I dug a little deeper. The default entry point of the image is ENTRYPOINT ["/docker-entrypoint.sh"]
. This script sets up a few things and starts the Data Collector.
It is required that the Data Collector is running before the pipeline is imported. So a solution could be to copy the default docker-entrypoint.sh and modify it to start the Data Collector and import the pipeline afterwards. You could to it like this:
Dockerfile:
FROM streamsets/datacollector:3.18.1
COPY myPipeline.json /pipelinejsonlocation/
# Replace docker-entrypoint.sh
COPY docker-entrypoint.sh /docker-entrypoint.sh
EXPOSE 18630
docker-entrypoint.sh (https://github.com/streamsets/datacollector-docker/blob/master/docker-entrypoint.sh):
#!/bin/bash
#
# Copyright 2017 StreamSets Inc.
#
# Licensed under the Apache License, Version 2.0 (the "License");
# you may not use this file except in compliance with the License.
# You may obtain a copy of the License at
#
# http://www.apache.org/licenses/LICENSE-2.0
#
# Unless required by applicable law or agreed to in writing, software
# distributed under the License is distributed on an "AS IS" BASIS,
# WITHOUT WARRANTIES OR CONDITIONS OF ANY KIND, either express or implied.
# See the License for the specific language governing permissions and
# limitations under the License.
#
set -e
# We translate environment variables to sdc.properties and rewrite them.
set_conf() {
if [ $# -ne 2 ]; then
echo "set_conf requires two arguments: <key> <value>"
exit 1
fi
if [ -z "$SDC_CONF" ]; then
echo "SDC_CONF is not set."
exit 1
fi
grep -q "^$1" ${SDC_CONF}/sdc.properties && sed 's|^#\?\('"$1"'=\).*|\1'"$2"'|' -i ${SDC_CONF}/sdc.properties || echo -e "\n$1=$2" >> ${SDC_CONF}/sdc.properties
}
# support arbitrary user IDs
# ref: https://docs.openshift.com/container-platform/3.3/creating_images/guidelines.html#openshift-container-platform-specific-guidelines
if ! whoami &> /dev/null; then
if [ -w /etc/passwd ]; then
echo "${SDC_USER:-sdc}:x:$(id -u):0:${SDC_USER:-sdc} user:${HOME}:/sbin/nologin" >> /etc/passwd
fi
fi
# In some environments such as Marathon $HOST and $PORT0 can be used to
# determine the correct external URL to reach SDC.

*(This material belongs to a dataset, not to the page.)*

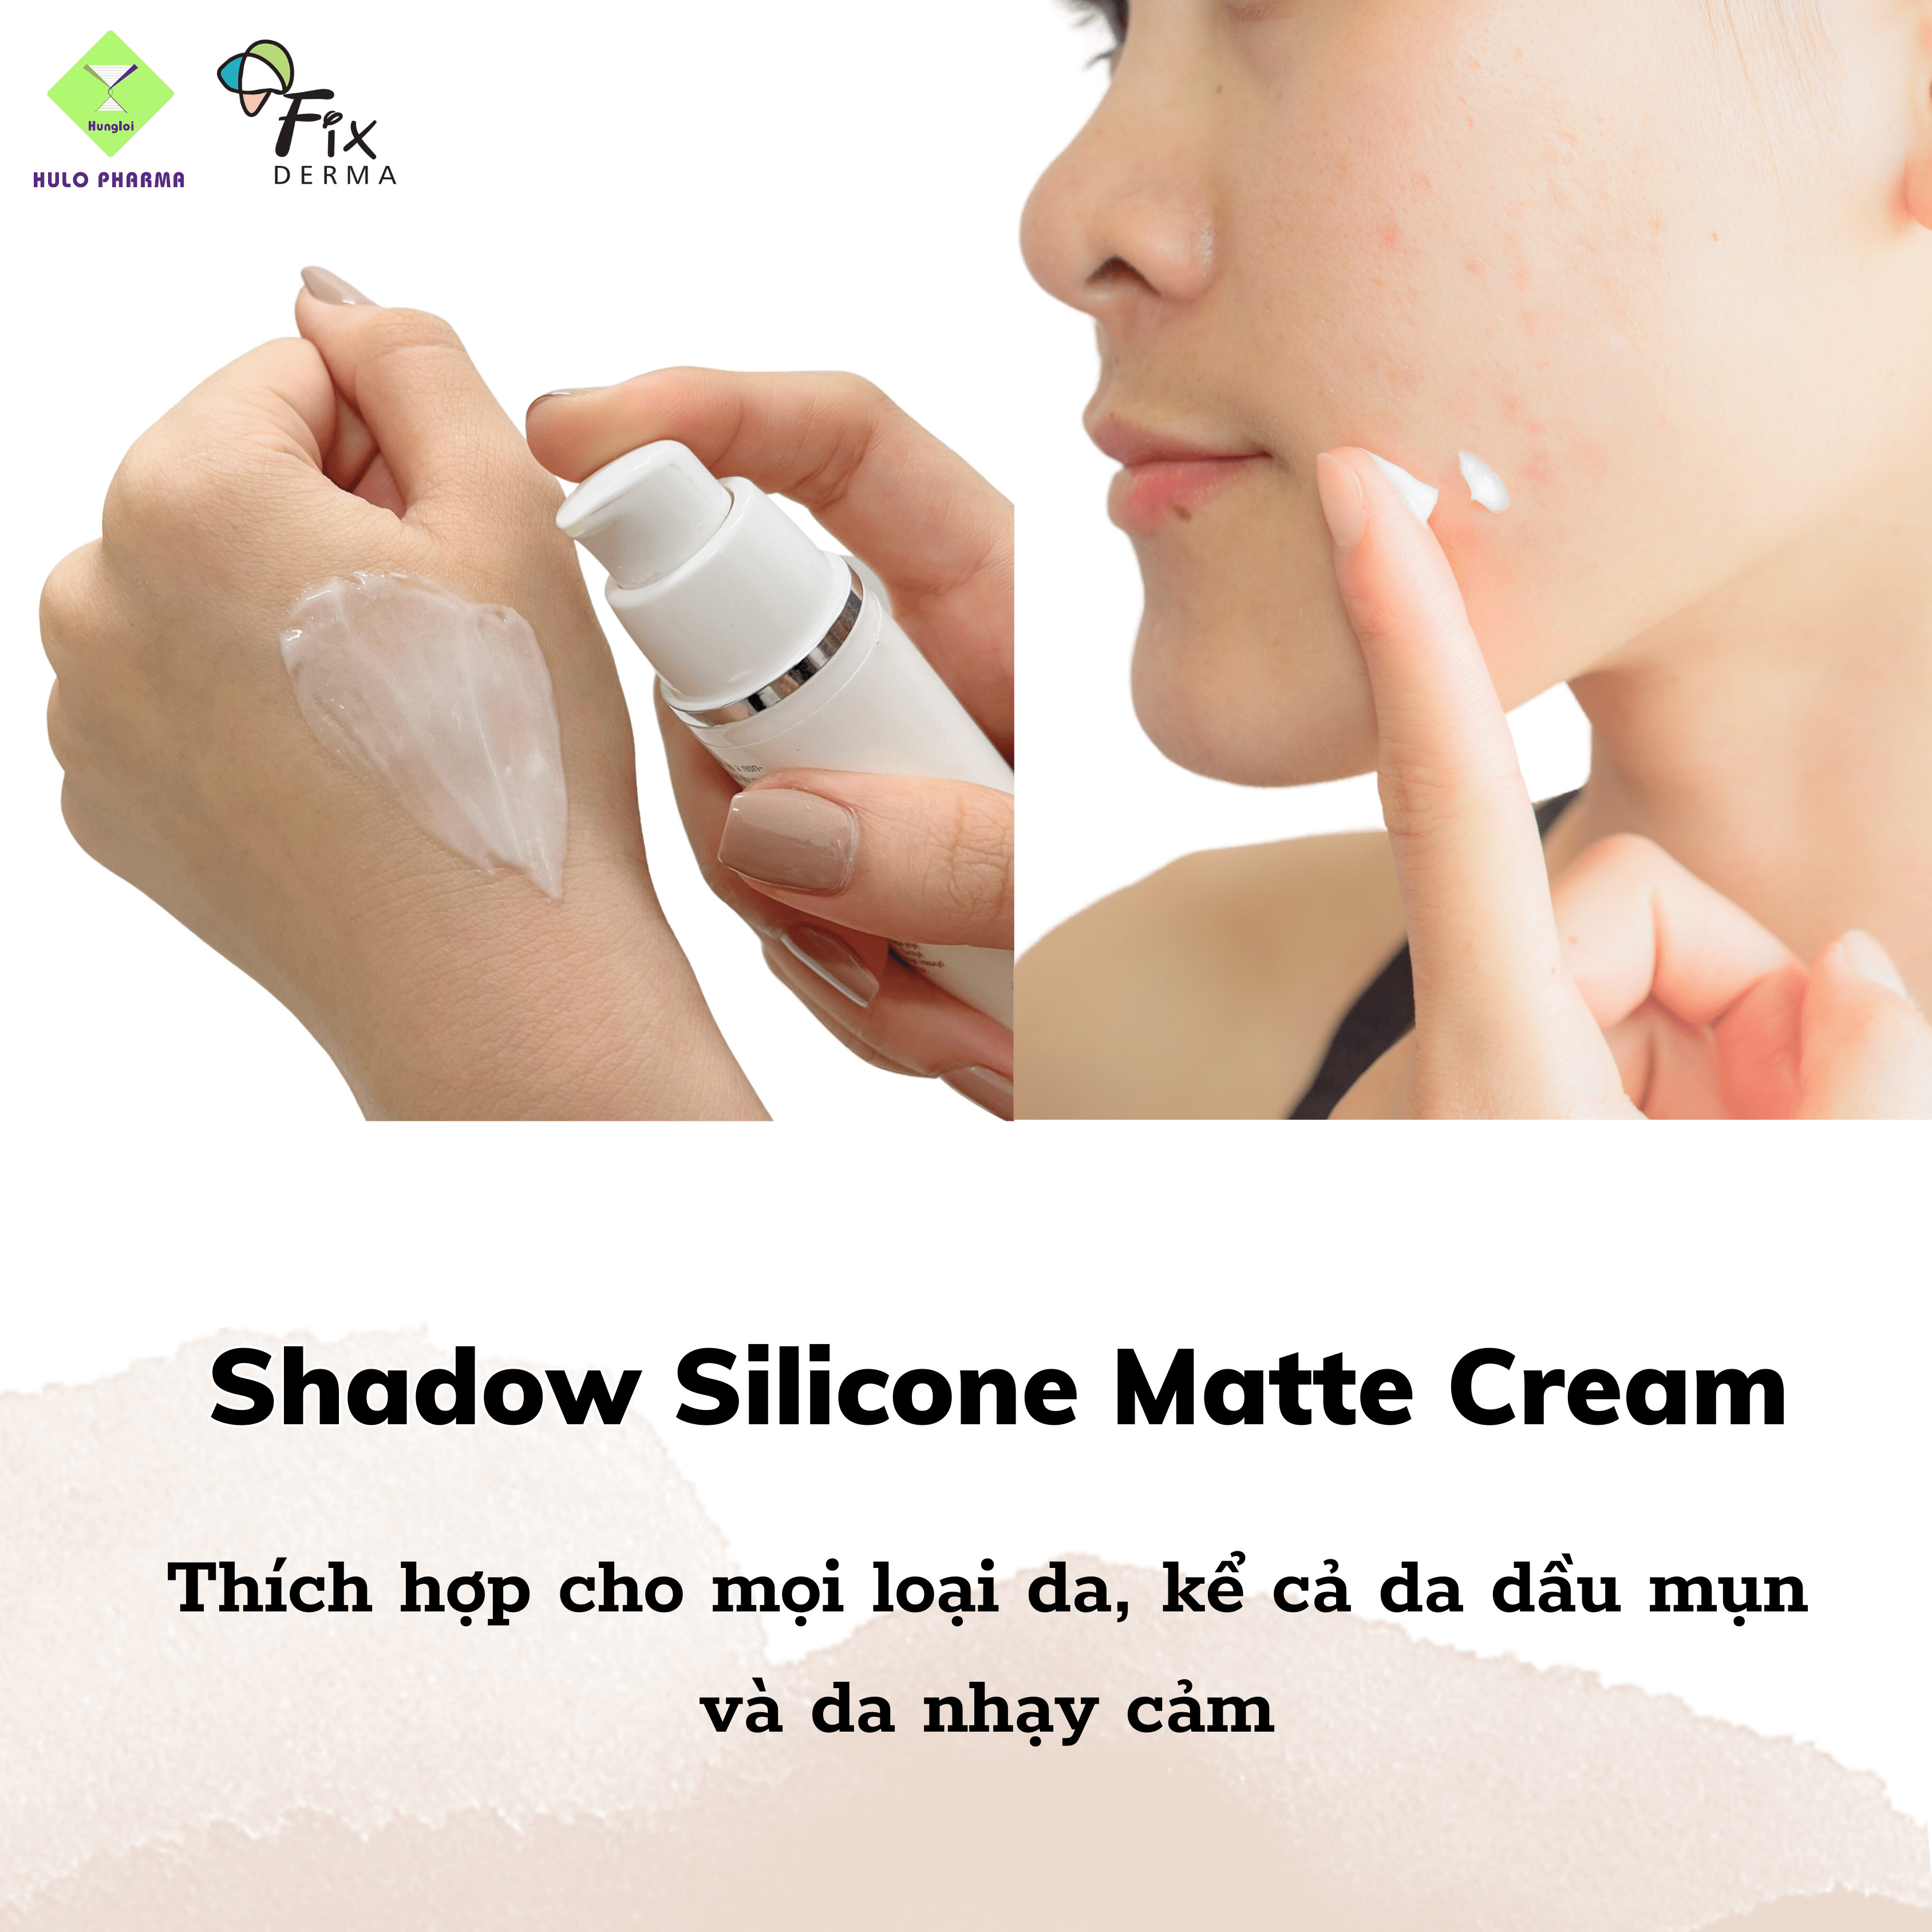 Kem Chống Nắng Không Nhờn, Chống Tia UV, Ánh Sáng Xanh Fixderma Shadow Silicone Matte Cream SPF 50 – 50ml

if [ ! -z "$HOST" ] && [ ! -z "$PORT0" ] && [ -z "$SDC_CONF_SDC_BASE_HTTP_URL" ]; then
export SDC_CONF_SDC_BASE_HTTP_URL="http://${HOST}:${PORT0}"
fi
for e in $(env); do
key=${e%=*}
value=${e#*=}
if [[ $key == SDC_CONF_* ]]; then
lowercase=$(echo $key | tr '[:upper:]' '[:lower:]')
key=$(echo ${lowercase#*sdc_conf_} | sed 's|_|.|g')
set_conf $key $value
fi
done
# MODIFICATIONS:
#exec "${SDC_DIST}/bin/streamsets" "$@"
check_data_collector_status () {
watch -n 1 ${SDC_DIST}/bin/streamsets cli -U http://localhost:18630 ping | grep -q 'version' && echo "Data Collector has started!" && import_pipeline
}
function import_pipeline () {
sleep 1
echo "Start to import pipeline"
${SDC_DIST}/bin/streamsets cli -U http://localhost:18630 -u admin -p admin store import -n myPipeline --stack -f /pipelinejsonlocation/myPipeline.json
echo "Finished importing pipeline"
}
# Start checking if Data Collector is up (in background) and start Data Collector
check_data_collector_status & ${SDC_DIST}/bin/streamsets $@
I commented out the last line exec "${SDC_DIST}/bin/streamsets" "$@"
of the default docker-entrypoint.sh and added two functions. check_data_collector_status ()
pings the Data Collector service until it is available. import_pipeline ()
imports your pipeline.
check_data_collector_status ()
runs in background and ${SDC_DIST}/bin/streamsets $@
is started in foreground as before. So the pipeline is imported after the Data Collector service is started.